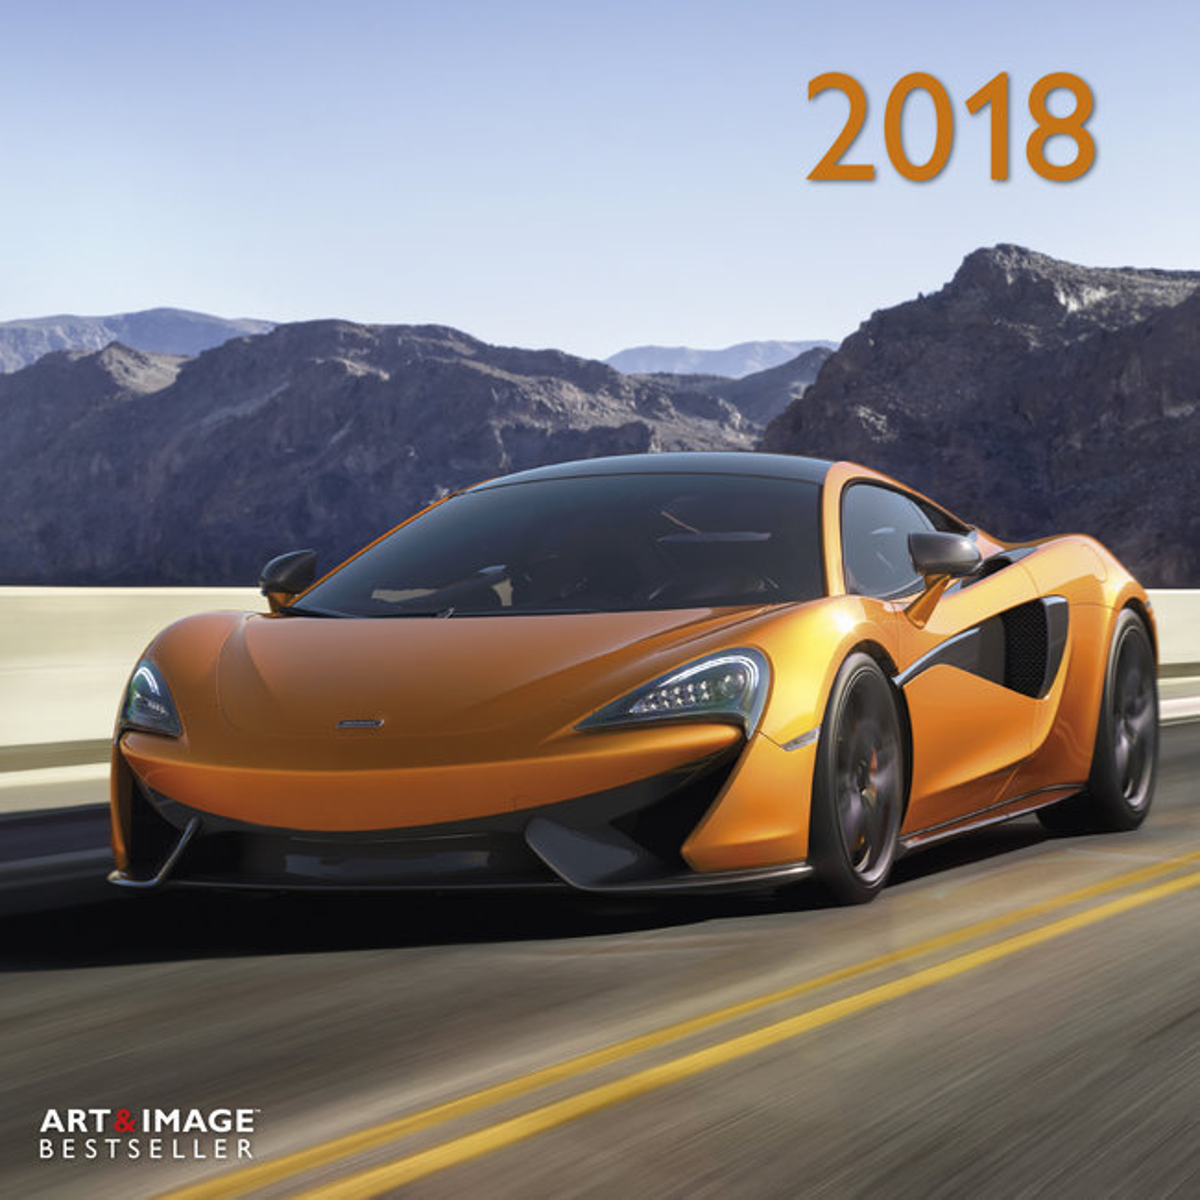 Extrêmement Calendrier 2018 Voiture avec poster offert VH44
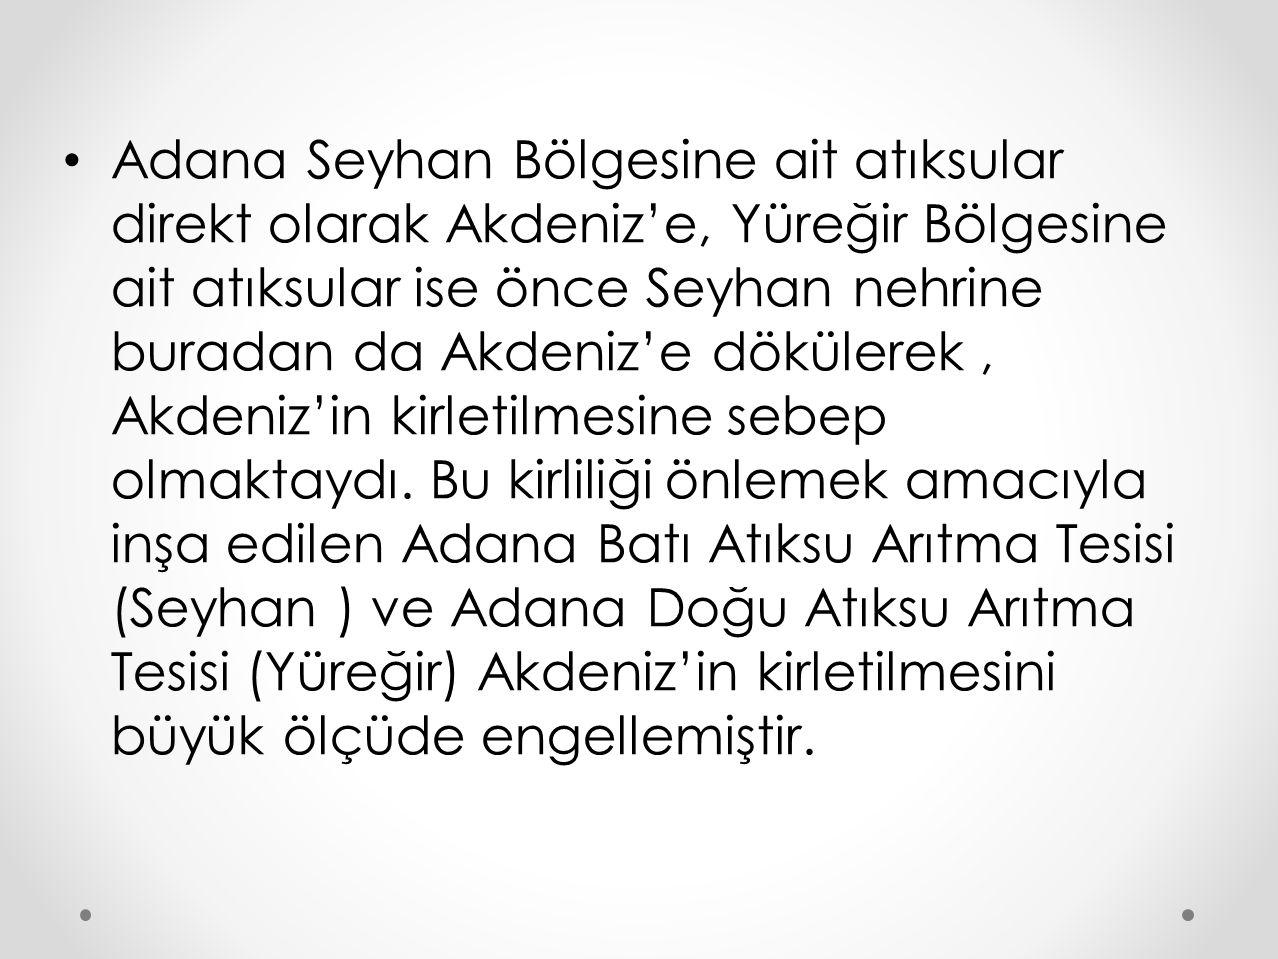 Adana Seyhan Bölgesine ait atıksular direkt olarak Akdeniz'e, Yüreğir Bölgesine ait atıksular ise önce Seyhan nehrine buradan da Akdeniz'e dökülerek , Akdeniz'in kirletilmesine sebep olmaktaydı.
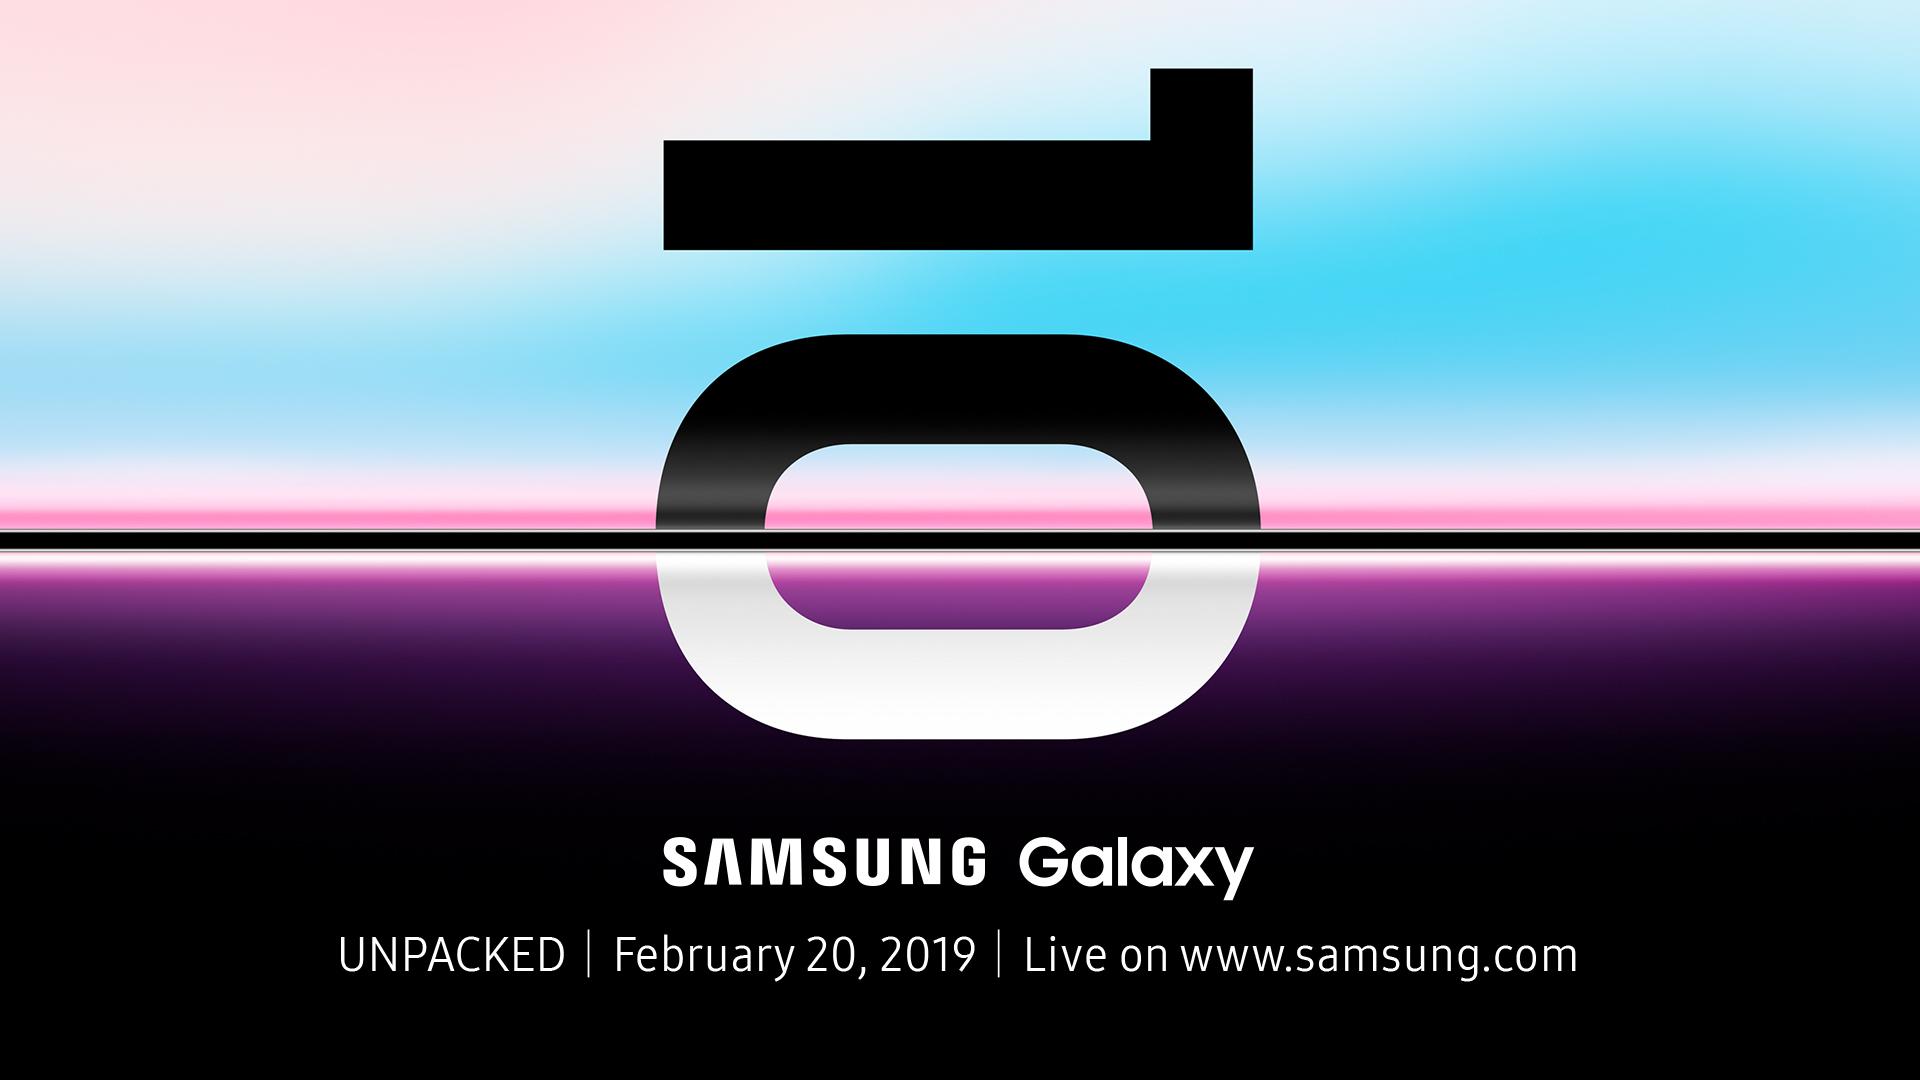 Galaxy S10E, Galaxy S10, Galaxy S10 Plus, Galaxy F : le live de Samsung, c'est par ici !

::::

▶ [Description of the task]:
Write out, exactly and with no pictures, the lines of the data from the first through the line containing "Adana Seyhan Bölgesine".

▶ [Answer area]:
 Extrêmement Calendrier 2018 Voiture avec poster offert VH44
 Adana Seyhan Bölgesine ait atıksular direkt olarak Akdeniz'e, Yüreğir Bölgesine ait atıksular ise önce Seyhan nehrine buradan da Akdeniz'e dökülerek , Akdeniz'in kirletilmesine sebep olmaktaydı.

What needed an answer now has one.